Monday, January 2, 2012

The Rector's Monday Message: January 2, 2012

Thoughts at the Turn of the Year

I have ambivalent feelings about New Year’s. On the one hand, it is kind of exciting to see the ball drop, the clock and calendar turn over, and to start a year all over again. On the other, the whole event seems artificial. The whole idea of the calendar itself seems so arbitrary. The world we greet on January 1 always looks very much like the world we as we left it on December 31.

New Year’s Day is set aside as a holiday in our culture principally because the 17th century Calvinist Presbyterian Scots made it one. Calvinist, “Reformed” Christians were suspicious of Anglican holidays, especially Christmas. Therefore, the Scots Presbyterians (along with the New England Puritans) refused to celebrate the holiday. But they knew they needed some sort of winter festival to replace it, and so they developed New Year’s Day as a Protestant alternative to what they considered the “Papist” festivities of Christmas.

In our culture, New Year’s has developed principally into an occasion for thinking about change. Just as the year changes, we think, so might our lives. And somehow in our culture “change” seems to center on ideas of self-improvement. We might, of course, use New Year’s to think about social, cultural change.
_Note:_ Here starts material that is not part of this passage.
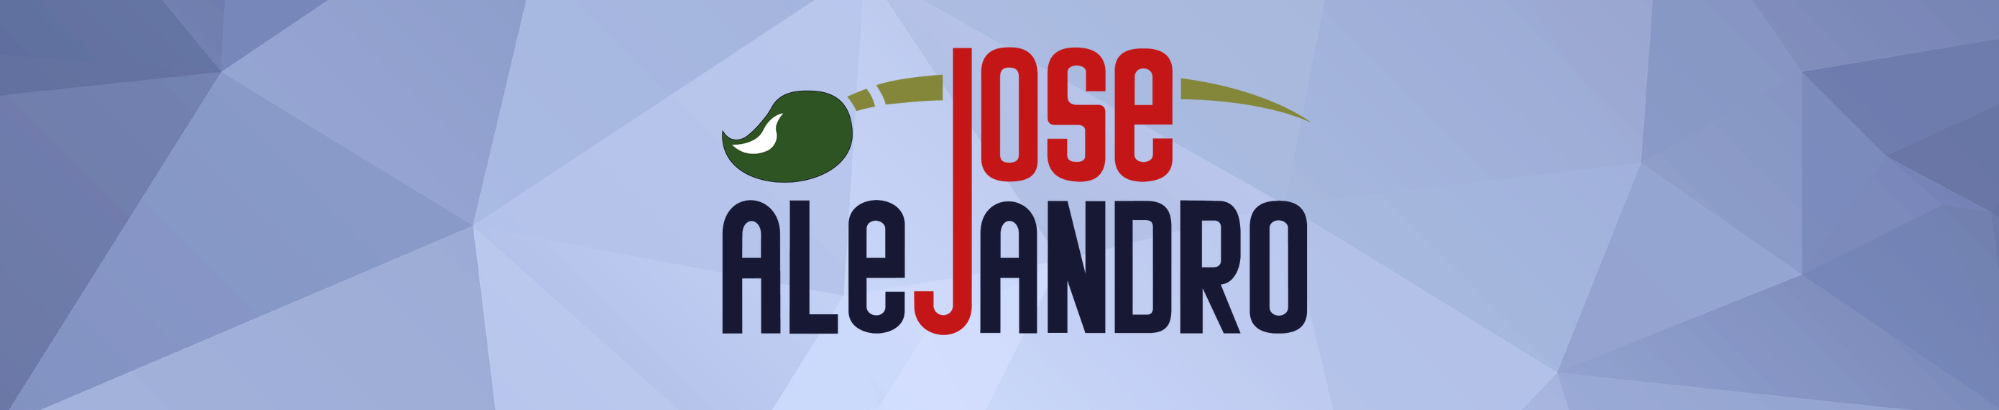 Bannière de profil de Jose Alejandro
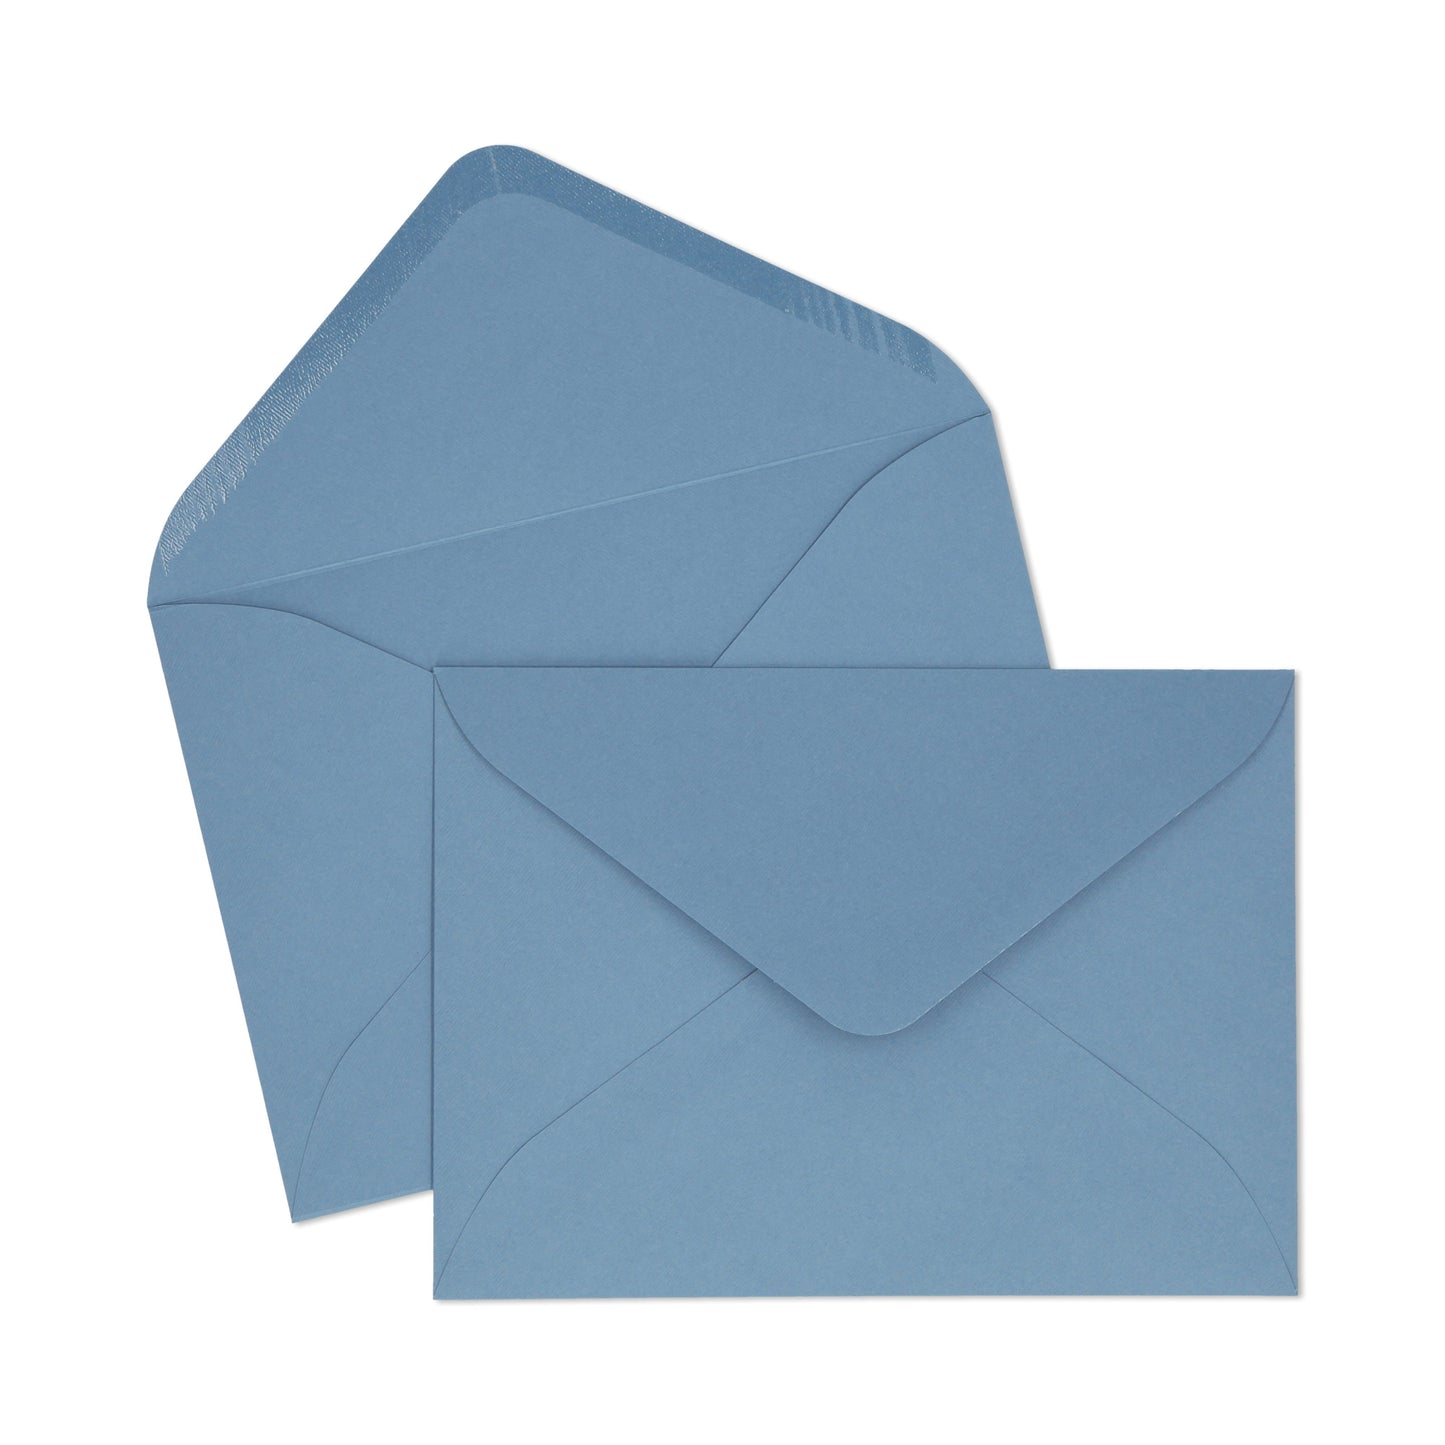 Dusty Blue C5 Envelope - 10 units

But in our world, New Year’s resolutions almost always focus on a change in personal habits. Beginning January 1, I’ll exercise and pray more; eat, drink, and smoke less. Gyms are always really crowded the first week in January. They tend to clear out by Martin Luther Jr. King Day.

So I’m a bit skeptical about New Year’s in many respects. Still, there is an important aspect to the holiday I think we can all appreciate. While it may not always be an occasion for life-changing resolution, New Year’s is an opportunity to reflect on what the poet A.R. Ammons called the “ongoing flux” that makes up our lives.

In 1965, A. R. Ammons published a book-length poem, Tape for the Turn of the Year. The lines in the poem are quite short. That’s because Ammons wrote the poem by typing it on a roll of adding-machine tape. Tape for the Turn of the Year is a verse journal that reflects on the change occurring between one year and another. For Ammons, human life is lived in the tension between freedom and constraint. (Hence the short lines enforced by the use of a narrow tape. Hence also the free verse written without the fetters of meter or rhyme.) For us, the calendar is a conventional way to impose order (days, weeks, months, hours) on something which is essentially fluid: time itself. By marking off time in the rigid arbitrary way we do, we’re essentially trying to channel a river or bottle lightning. In some sense trying to control and contain time is a fool’s errand. Time will relentlessly flow no matter how we try to constrain it. But we can’t help ourselves. Year after year, even though we know better, still we try to get the better of time.

In Tape for the Turn of the Year, A. R. Ammons asks us to think about how each of us finds a way to live in the now, perched as we are between the future (January, change) and the past (December, tradition). So New Year’s is also about the tension between change and tradition. As Ammons says,

we must keep the
tradition &
modify it
so we stay resilient to
too traditional is a loss of
change: too changing is
loss of meaning & memory:

This is an important insight not only for the life of faith communities and bodies politic (we need to be both open to the future and mindful of the past). It is also vital guidance for us as individual people trying to navigate the flow of time. We each have histories, families, communities to which we are accountable. But we are also each individually free and unique. So our lives need both to respect tradition and to celebrate our unique selves. The desires for changelessness and total freedom are illusions. We stand with one foot on each shore as the river of time flows by.

Ammons wrote only a few book-length poems. Most of his output consisted of very short verses. Near the end of Tape for the Turn of the Year he compares himself to both forms and decides in favor of the latter:


I’d be like a short poem:

that’s a fine way

to be: a poem at a

time: but all day

life itself is bending,

weaving, changing,

adapting, failing,


Instead of making New Year’s resolutions, we might follow A. R. Ammons’ lead and use this time of year to think about the “ongoing flux” of time and how we each navigate it. Christianity takes time seriously. And while contemplating the long sweep of God’s time perhaps shows the futility of our arbitrary markings off of years and months, it is still important for each of us to stay mindful of how precious our own allotted time really is. This ongoing flux of time may be abundant, but for each of us it is finite. As the Evening Gatha of Buddhism admonishes us, “Do Not Squander Your Life.”